# Purple Dottyback with a big belly question



## doofus117 (Aug 30, 2011)

Hi all,

I have a question regarding our purple dottyback as it looks... well, unusual. It is in my pico reef tank (6 gallon Fluval Edge) which is only about two months old. It has been in there since the start along with a three-stripe damsel. 

Since having it, it has been feeding well and nothing unusual in terms of behaviours. But today, it looked "off." I am not familiar with breeding marine fish (I've done it successfully with freshwater tropicals and cichlids) and it never even crossed my mind to try.

Anyhow, I've attached some pics of before (the better quality shots) and the "after" (the lower quality shots). This change happened overnight. I should also mention that one of my blue hermit crabs has been picked apart and I can elearly see an exoskeleton/carcass in the tank. So it is possible that our dottyback just had a really big meal - I've just never seen that before.

My main fear would be if this large belly was some parasite growing in my tank.
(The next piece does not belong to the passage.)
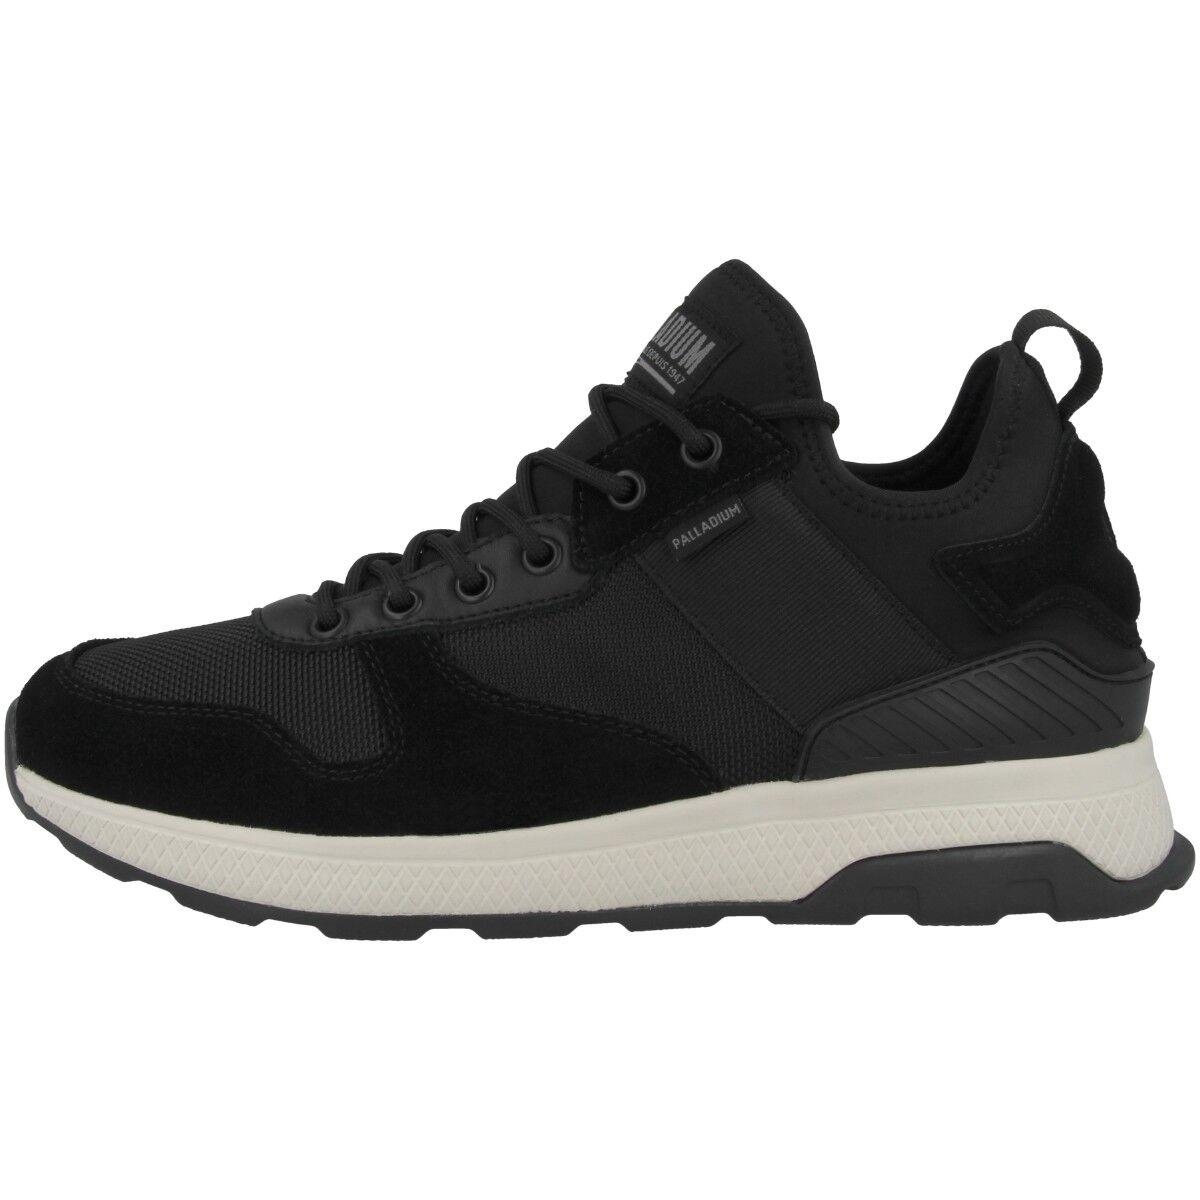 Palladium Ax _ Eon Esercito Runner Scarpe Uomo Casual Sport Sneakers Black

Any thoughts would be much appreciated!

Thanks.


----------



## Algae Beater (Apr 21, 2010)

its called sexual maturity, physiological changes can result, but typically in dottyback species territorial aggression occurs towards a variety of animals. shouldn't be an issue at all.


----------



## SeaHorse_Fanatic (Apr 22, 2010)

If it just happened all of a sudden, check tomorrow and the next day to see if it goes down. If so, then it was just a big meal. Not sure what size it is so can't say if it is reaching sexual maturity.


----------



## doofus117 (Aug 30, 2011)

*thanks guys*

belly went down. no babies in tank. hermit crab still MIA. conclusion is that the dottyback enjoyed a nice meal.


----------